Ordem e Desordem: a Instrução do Caos
A divisa do Rito
Escocês Antigo e Aceito, "Ordo
ab Chao", Ordem no Caos, é central nesse contexto. Ela ensina que a ordem surge do caos, ou, de modo mais radical,
que a ordem está no caos. O caos não é
anomia absoluta, mas plenitude de possibilidades. A desordem aparente dos graus
pode ser instrução intencional: ao experimentar a fragmentação, o maçom aprende
a ver unidade no diverso, harmonia no múltiplo, sentido no contraditório.
O filósofo Heráclito já dizia que a harmonia se revela na
tensão dos contrários. A Maçonaria escocesa parece seguir essa linha: ao
justapor graus díspares, convida o iniciado a buscar a unidade perdida. Tal instrução
é profundamente andragógica: o adulto aprende mais pelo desafio do que pela
linearidade. Não se entrega a ele uma sequência lógica, mas um labirinto que o
obriga a exercitar discernimento, paciência e tolerância.
Kepler, Platão e a Ilusão da Perfeição
O exemplo de Kepler é ilustrativo. Sua tentativa de encaixar as
órbitas em figuras geométricas regulares perfeitas foi bela, mas equivocada.
Ele teve de aceitar a imperfeição aparente das elipses. E foi nessa
aceitação da irregularidade que a ciência deu um salto. De modo análogo,
Platão afirmava que o círculo perfeito só existe no mundo das ideias, não na
realidade sensível.
Essa constatação se faz presente na Maçonaria: o ideal de
perfeição é meta, não realidade. A vida concreta é tecida de imperfeições e
irregularidades, mas é justamente nesse tecido que se esconde a perfeição
maior. O Rito Escocês
Antigo e Aceito, com seus graus desconexos, parece ensinar isso de forma
prática.
A Antropologia do Caos
Do ponto de vista antropológico, a mente humana busca ordem
porque teme a morte. Reconhecer-se como parte de um cosmos irregular, acidental
e caótico abala a pretensão de imortalidade. Por isso, cria-se um deus antropomórfico
que atua segundo padrões humanos de beleza e perfeição.

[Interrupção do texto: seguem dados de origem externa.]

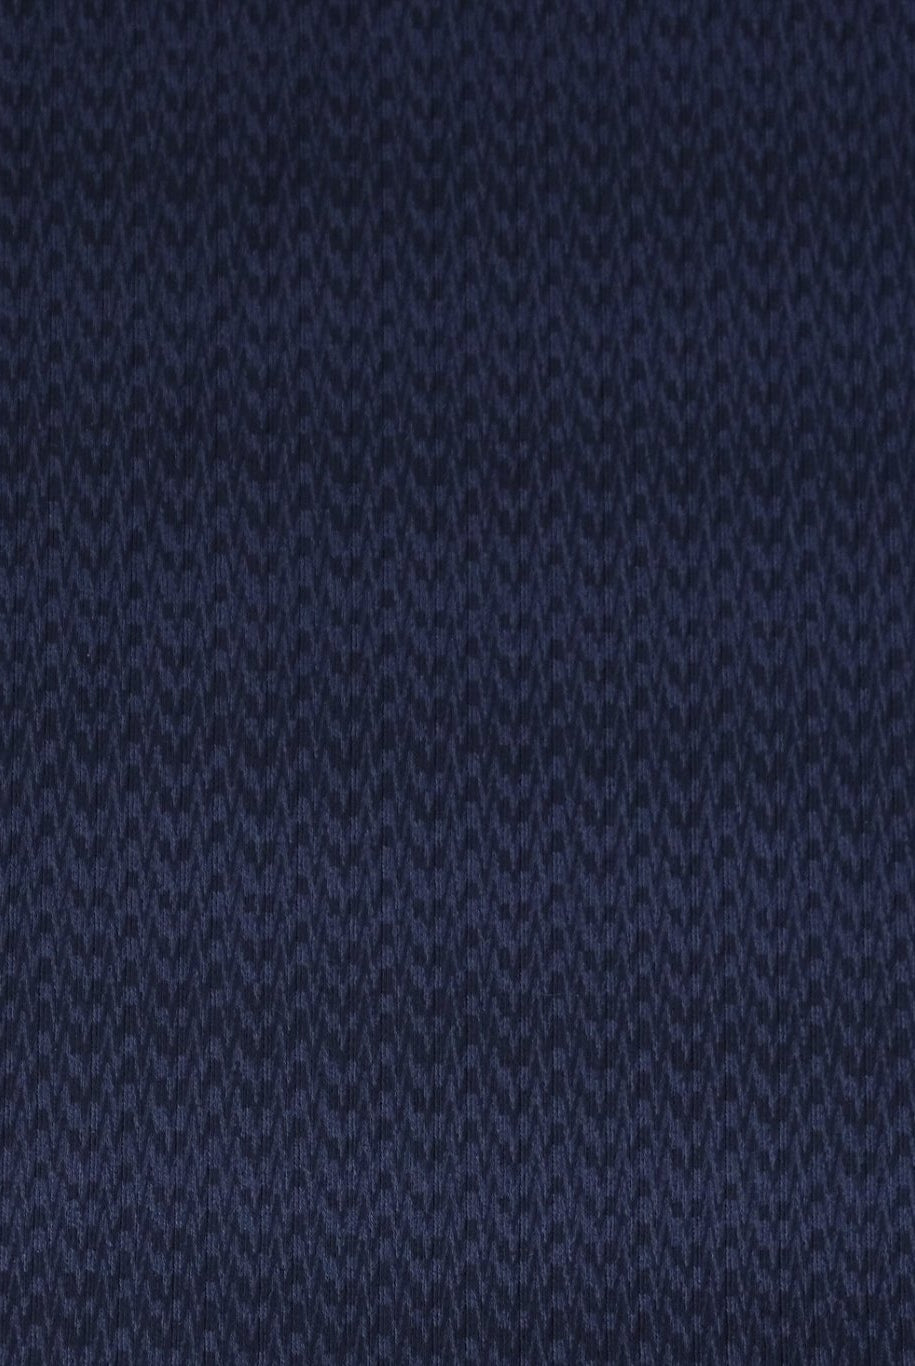 1 Yard- Last Cut! Navy Rhythm, Athletic Knit. ATH-123 - Boho Fabrics

A Maçonaria, ao referir-se ao conceito de Grande Arquiteto do
Universo, evita essa armadilha: não define a divindade, não lhe atribui forma
ou atributos humanos. O Grande Arquiteto do Universo é metáfora da
inteligência suprema, inacessível à razão humana.
A multiplicidade dos graus é reflexo dessa estratégia: não se oferece um dogma,
mas uma multiplicidade de símbolos que apontam para o Mistério.
Matéria, Energia e Vazio: Metáforas Iniciáticas
A física moderna mostra que o átomo é constituído de espaço vazio,
é a reunião de inúmeros campos energéticos que se deslocam em velocidades
alucinantes e que a matéria é, em essência, essa energia condensada que devido
a esse movimento extraordinário ilude os sensores humanos dando a impressão de
matéria densa, palpável. Essa constatação reflete-se simbolicamente no
iniciado: somos pó e luz ao mesmo tempo, massa insignificante e energia imensa.
Se o Universo é feito de imperfeições, acidentes e assimetrias, então a vida
é um milagre nascido do caos.
O maçom, ao meditar sobre sua natureza, percebe que a busca
de ordem absoluta é vã. A sabedoria é aceitar o caos como matriz de vida. O
encadeamento ilógico dos graus é metáfora desse ensinamento: cada grau é
fragmento de uma totalidade que não se deixa reduzir à lógica humana.
Filosofia Maçônica: Ver Ordem no Invisível
A filosofia é a lente que permite enxergar onde os sentidos
falham. Assim, o maçom aprende que a ordem não é estática, mas movimento; não é
imobilidade, mas fluxo; não é simetria rígida, mas harmonia dinâmica. O caos é
vida, a ordem absoluta é morte. O Rito Escocês Antigo e Aceito, que só é
completo se considerado com seus 33 graus, convida o maçom a perceber a vida
como ordem em meio ao caos.
A divisa "Ordo ab
Chao" não deve ser lida como "da
desordem surge a ordem", mas como "a ordem está no caos". Essa nuance altera toda a compreensão:
não é que o caos seja mera fase a ser superada pela ordem; é que a ordem
suprema já está presente no caos, ainda que invisível à mente humana.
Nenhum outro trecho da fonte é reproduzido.